Arguing the goodness of advanced intelligence was the subtext of the main debate at the SETI conference mentioned above. The highlight of this event was a panel debate on whether it is a good idea to not only listen for signs of extraterrrestrial intelligence (SETI), but to send messages (METI), broadcasting our existence, and hopefully, increase the chance that other advanced intelligences will communicate with us earlier, rather than later.

One of the most forceful proponents for such METI, Alexander Zaitsev, spoke at this conference. Clement and I had some good chats with him there (see picture below). Since 1999, Zaitsev has been using a radiotelescope in the Ukraine, RT-70, to broadcast “Hello” messages to nearby interesting stars. He did not ask permission, or consult with many others, before sending these messages. He simply acted on his belief that doing so would be a good act, and that those able to receive them would not only be more advanced, but would be inherently more good (ethical, empathic) than us.

Image: Alexander Zaitsev and John Smart, Royal Society SETI Conference, Chicheley Hall, UK, 2010. Credit: John Smart.

Sadly, Zaitsev has now passed away (see Paul Gilster’s beautiful elegy for him in these pages).

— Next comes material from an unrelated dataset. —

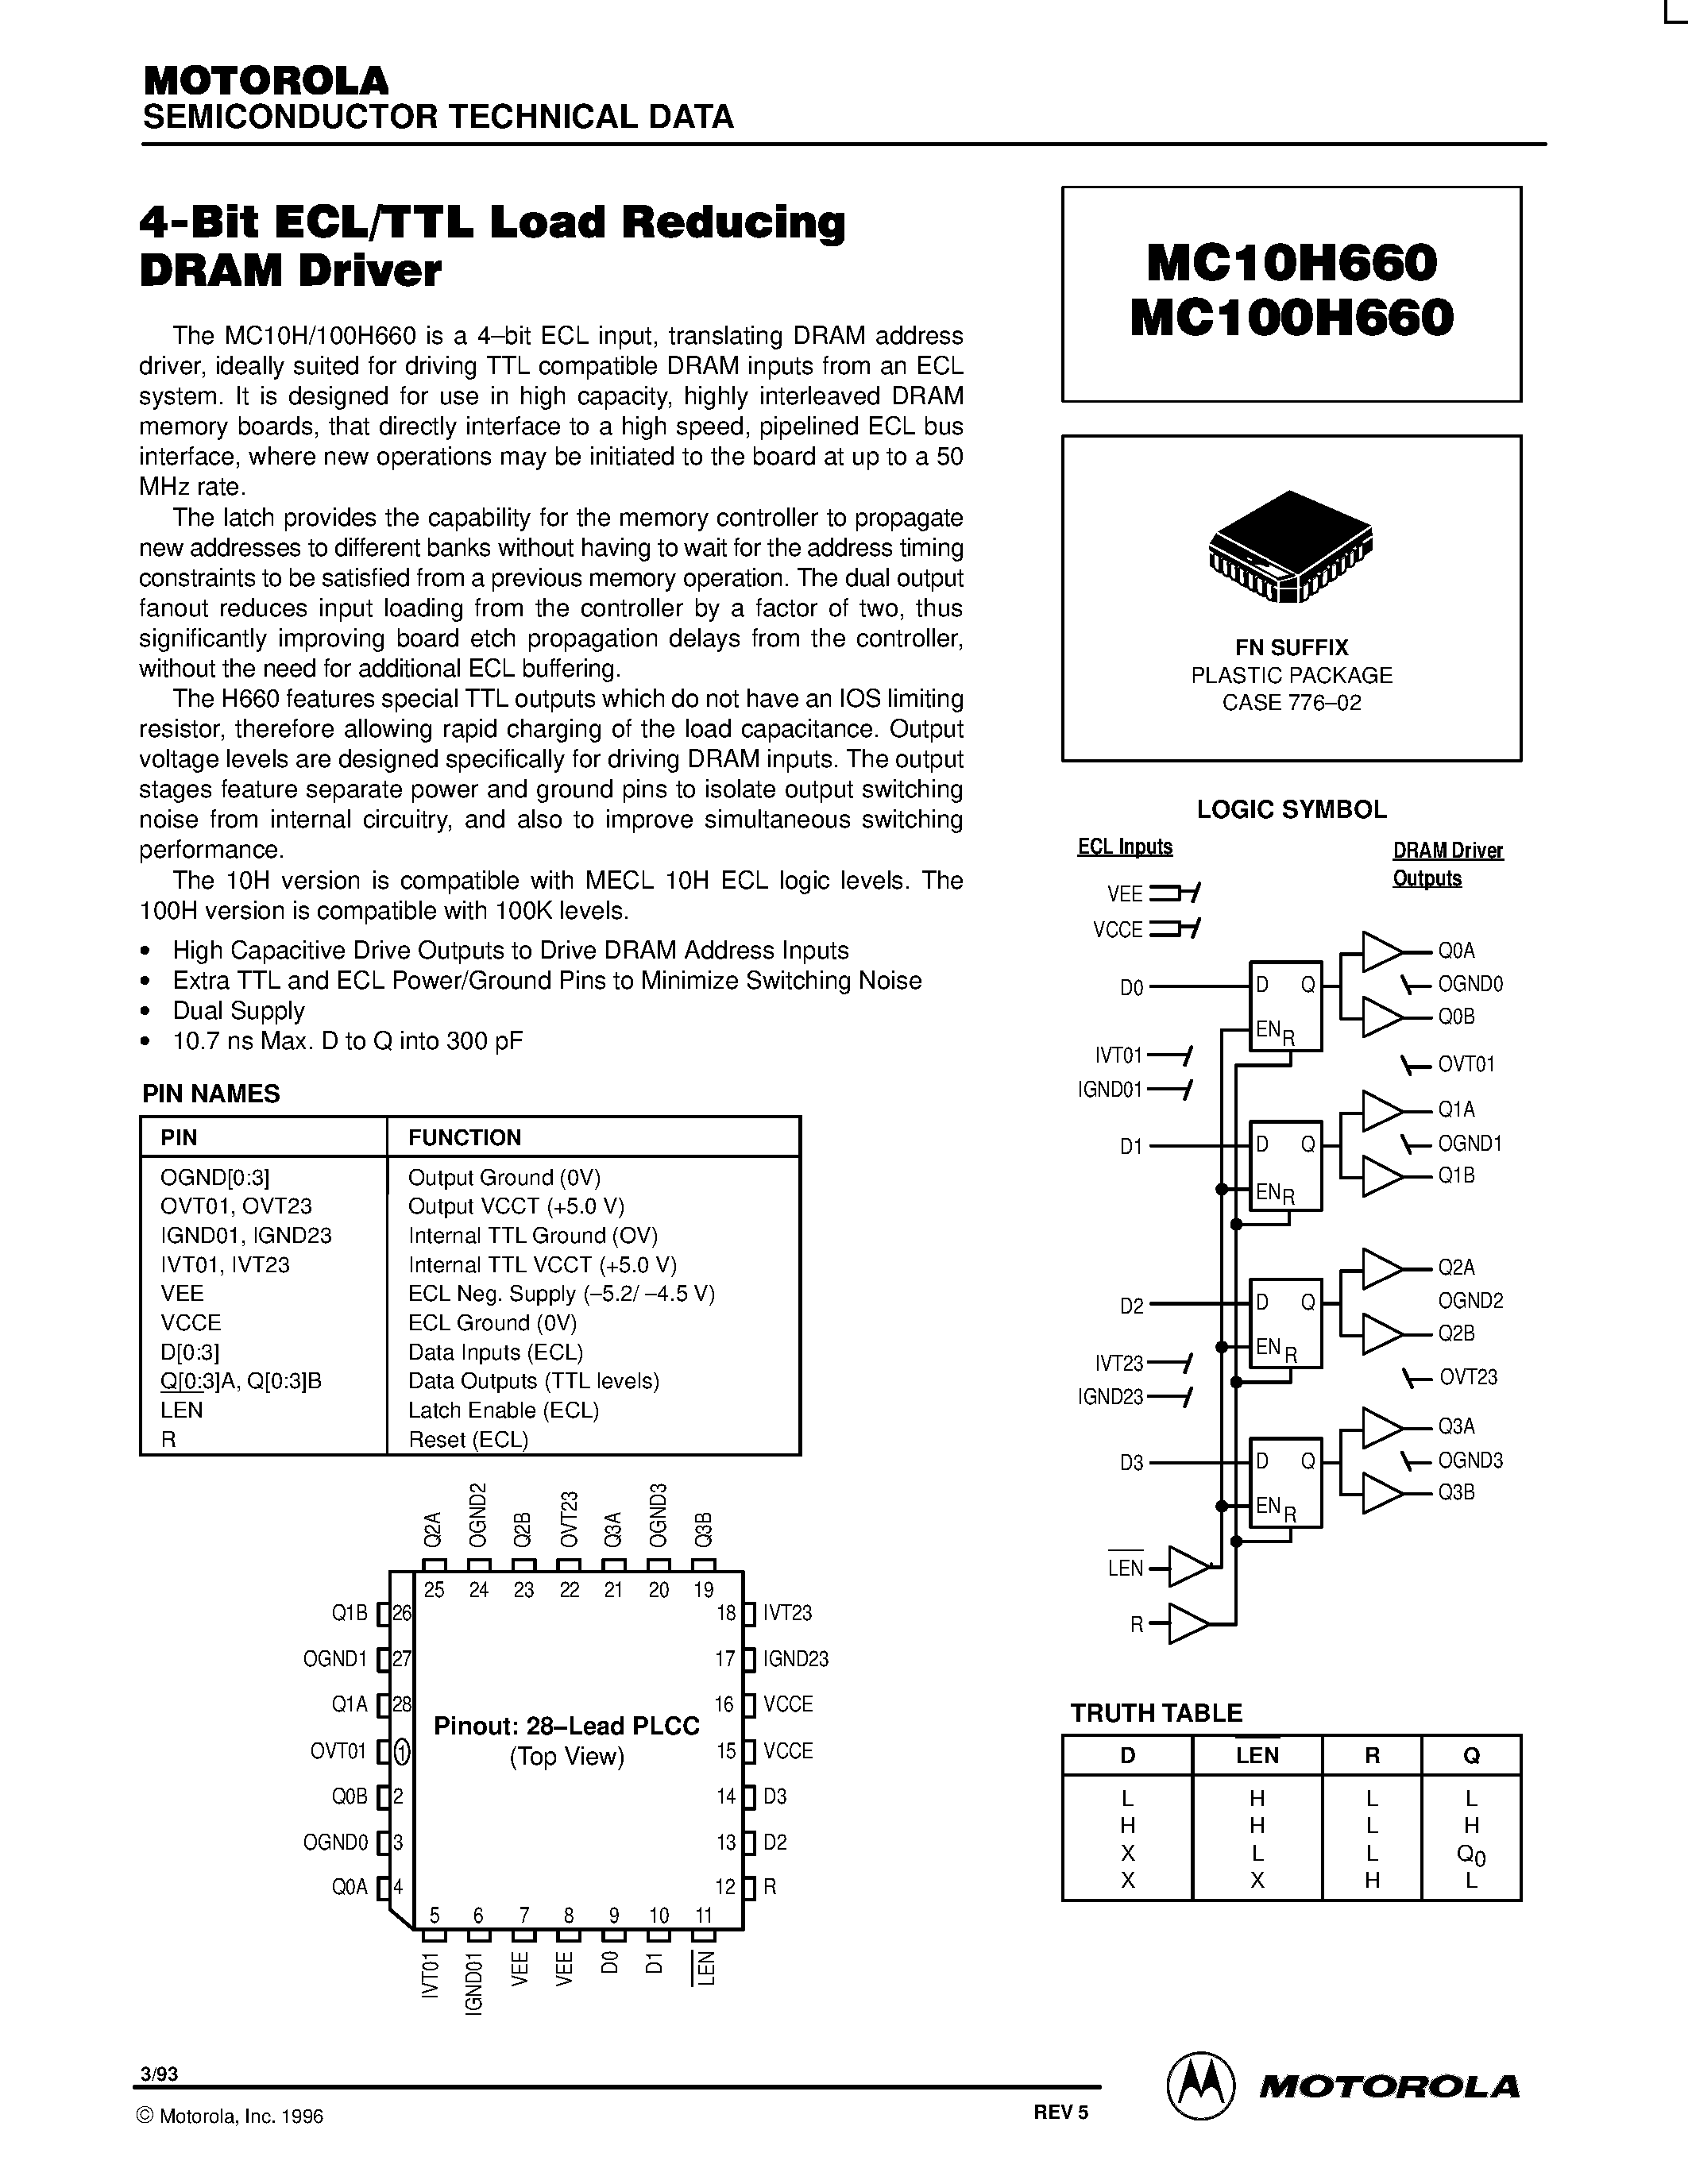 Datasheet MC10H660FN - 4-Bit ECL/TTL Load Reducing DRAM Driver page 1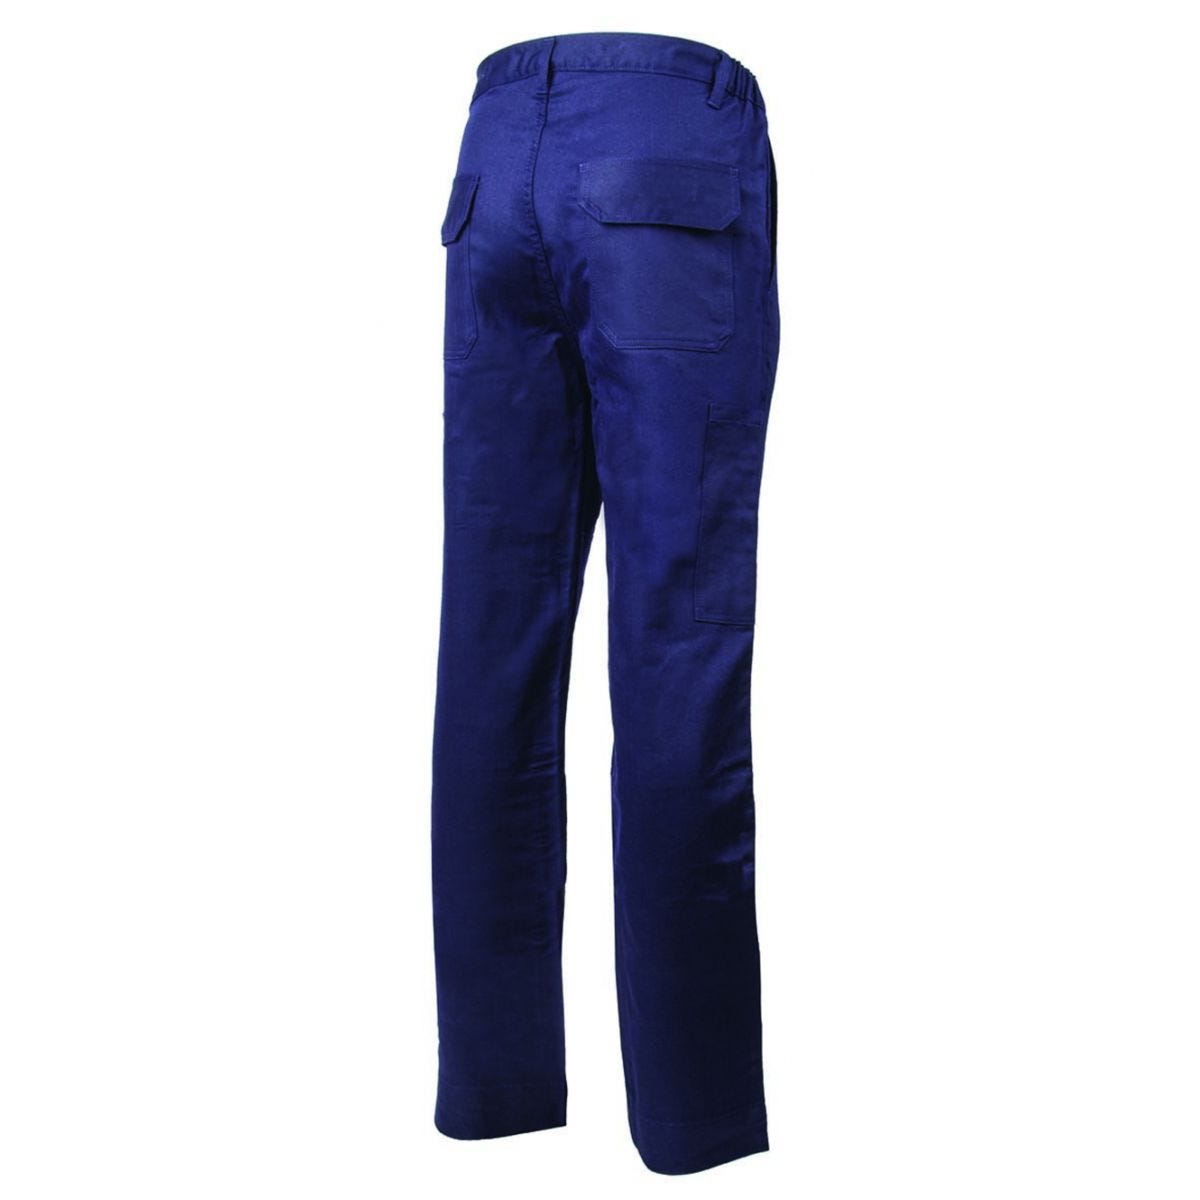 Pantalon STELLER multirisques - COVERGUARD - Taille 2XL 1

It explains the 2010 conference, where Zaitsev debated others on the METI question, including David Brin. Brin advocates the most helpful position, one that asks for international and interdisciplinary debate prior to sending of messages. Such debate, and any guidelines it might lead to, can only help us with these important and long-neglected questions.

It was great listening to these titans debate at the conference, yet I also realized how far we are from a science that tells us the general Goodness of the Universe, to validate Zaitsev’s belief. We are a long way from his views being popular, or even discussed, today. Many scientists assume that we live in a randomness-dominated, “evolutionary” universe, when it seems much more likely that it is an evo-devo universe, with both many unpredictable and predictable things we can say about the nature of advanced complexity. Also, far too many of us still believe we are headed for the stars, when our history to date shows that the most complex networks are always headed inward, into zones of ever-greater locality, miniaturization, complexity, consciousness, ethics, empathy, and adaptiveness. As I say in my books, it seems that our destiny is density, and dematerialization. Perhaps all of this will even be proven in some future network science. We shall see.